We discuss the sparse Canonical Correlation Analysis (CCA) problem in the context of high-dimensional multi-view problems, where we aim to discover interpretable association structures among multiple random vectors via their respective views with an emphasis on setting where the number of observations is too few compared to the number of covariates. Throughout this text, we use the term view define as observations of a random vector on an ordered set of subjects, which is the same for observations of all other random vectors involved in the analysis. We denote each view by Xi ∈ R n×pi , i = 1, . . . , m, where m is the number of random vectors, or equivalently number of views. In the first two chapters we consider linear association structures shared among multiple views, where the objective is to learn sparse linear combinations of multiple sets of covariates such that they are maximally correlated.
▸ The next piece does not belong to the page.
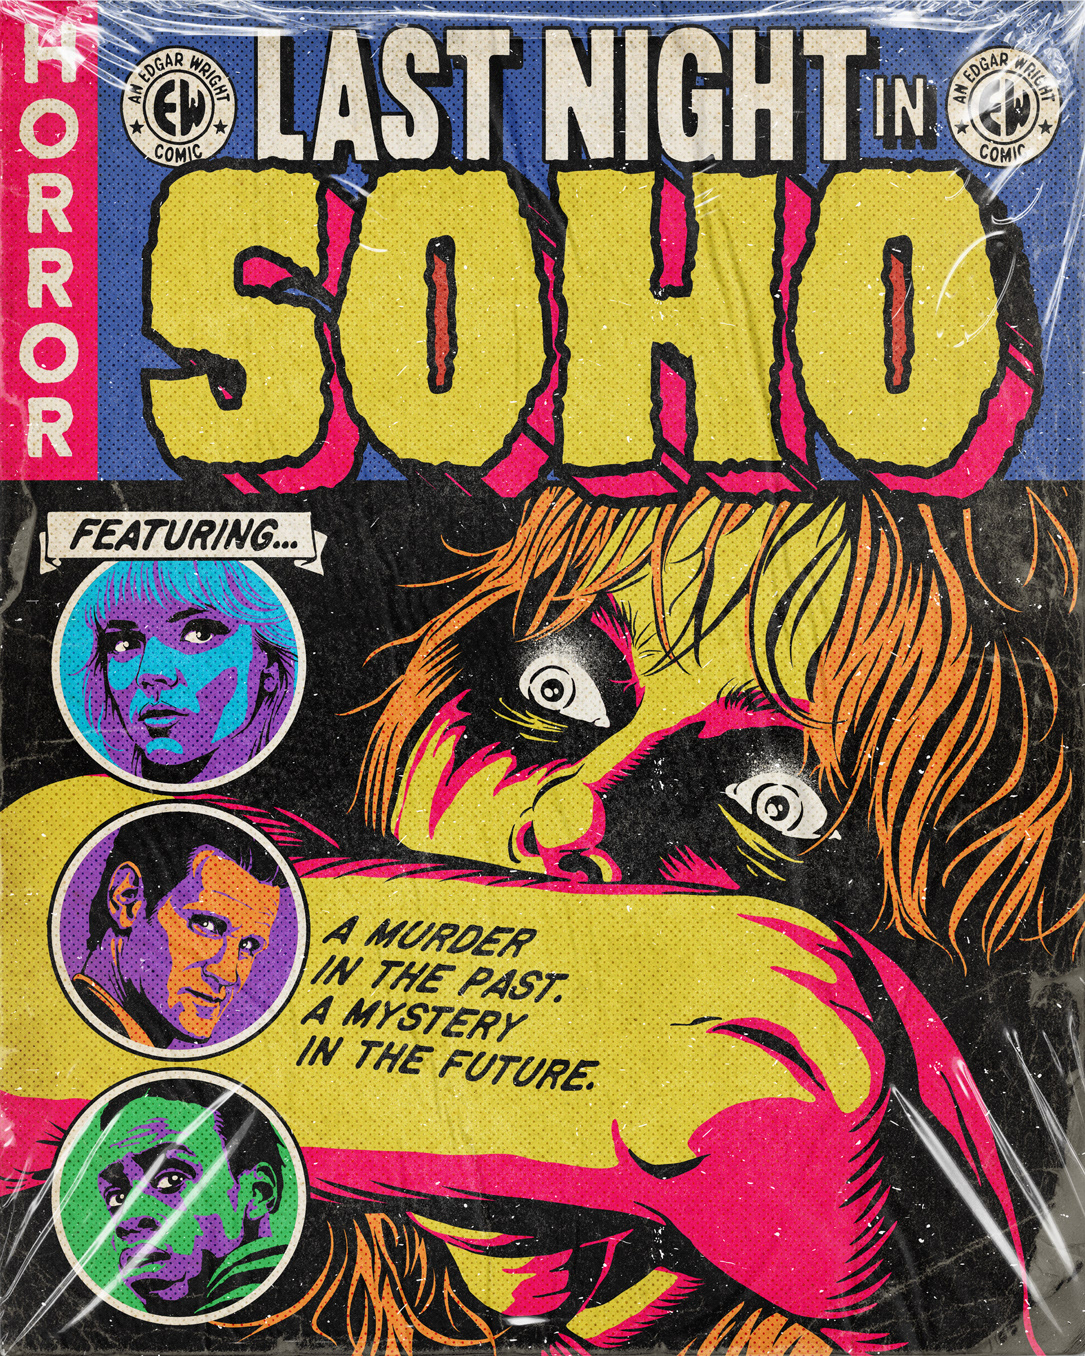 anya taylor joy Comic Book comics ec comics Edgar Wright horror horror comics last night in soho Pop Art vintage comics

In the first chapter we introduce a new approach to the sparse CCA, where we learn the sparsity pattern of the canonical directions in the first stage by casting this problem as two successively shrinking concave minimization programs which are solved via a first-order algorithm, and in the second stage we solve a small CCA problem by considering the sparsity patterns estimated in the first stage. We demonstrate via simulations that, in comparison to other available methods, our approach demonstrates superior convergence properties and capability to recover the underlying sparsity patterns and the magnitudes of the non-zero elements of the canonical directions, as well as, significantly lower computational cost. We then apply our method to a multi-omic environmental genetics study on fruit flies, where we hypothesise about the mechanism of adaptation of this model organism to environmental pesticides.
In the second chapter we tackle a shared short-coming of sparse PCA and sparse CCA methods, which is that, in case of estimating multiple components or canonical directions for each view, these directions are not orthogonal to each other, which diminishes interpretability. While all other approaches estimate canonical directions one-by-one via the contraction scheme, we offer a block scheme where we estimate the first d canonical directions simultaneously. In this setting, we can more easily impose orthogonality, and also encourage disjoint sets of non-zero elements within multiple directions, resulting in more interpretable models. We also extended our model to what we call sparse Directed CCA, where we use an accessory variable, defined in the text, to try to capture variations related to a certain hypothesis, rather than the dominant variations which might be proven irrelevant to the main hypothesis. As a validating example, we apply our method to the lung cancer multi-omics available on The Cancer Genome Atlas, using survival data as our accessory variable. While regular sparse CCA exclusively identified correlation structures dominated by and communities separated by gender, our directed sparse CCA correctly identified two underlying communities which were significantly separated by survival.
In the final chapter, we generalize our framework to discover non-linear association structures by proposing a two-stage sparse kernel CCA algorithm. We learn maximally aligned kernels in the first stage via sparse Multiple Kernel Learning (MKL), and then solve a KCCA problem in the second stage using learned kernels. We perform sparse MKL by forming an alignment matrix where its elements are the sample Hilbert Schmidt Independence Criterion of base kernels of pairs of views. These base kernels are functions of small sets of covariates of each view; therefore our sparse MKL approach provides interpretable solutions, as sparse convex linear combinations of base kernels. We finally provide an Apache Spark implementation of our methods introduced throughout the dissertation which makes users capable of running our methods on very high-dimensional datasets, e.g. observations on millions of Single Nucleotide Polymorphism loci, using distributed computing. We call this package SparKLe.
R versions of our algorithms are also available. MuLe, BLOCCS, and SparKLe-R implements our methods presented in Chapters 1,2, and 3, respectively.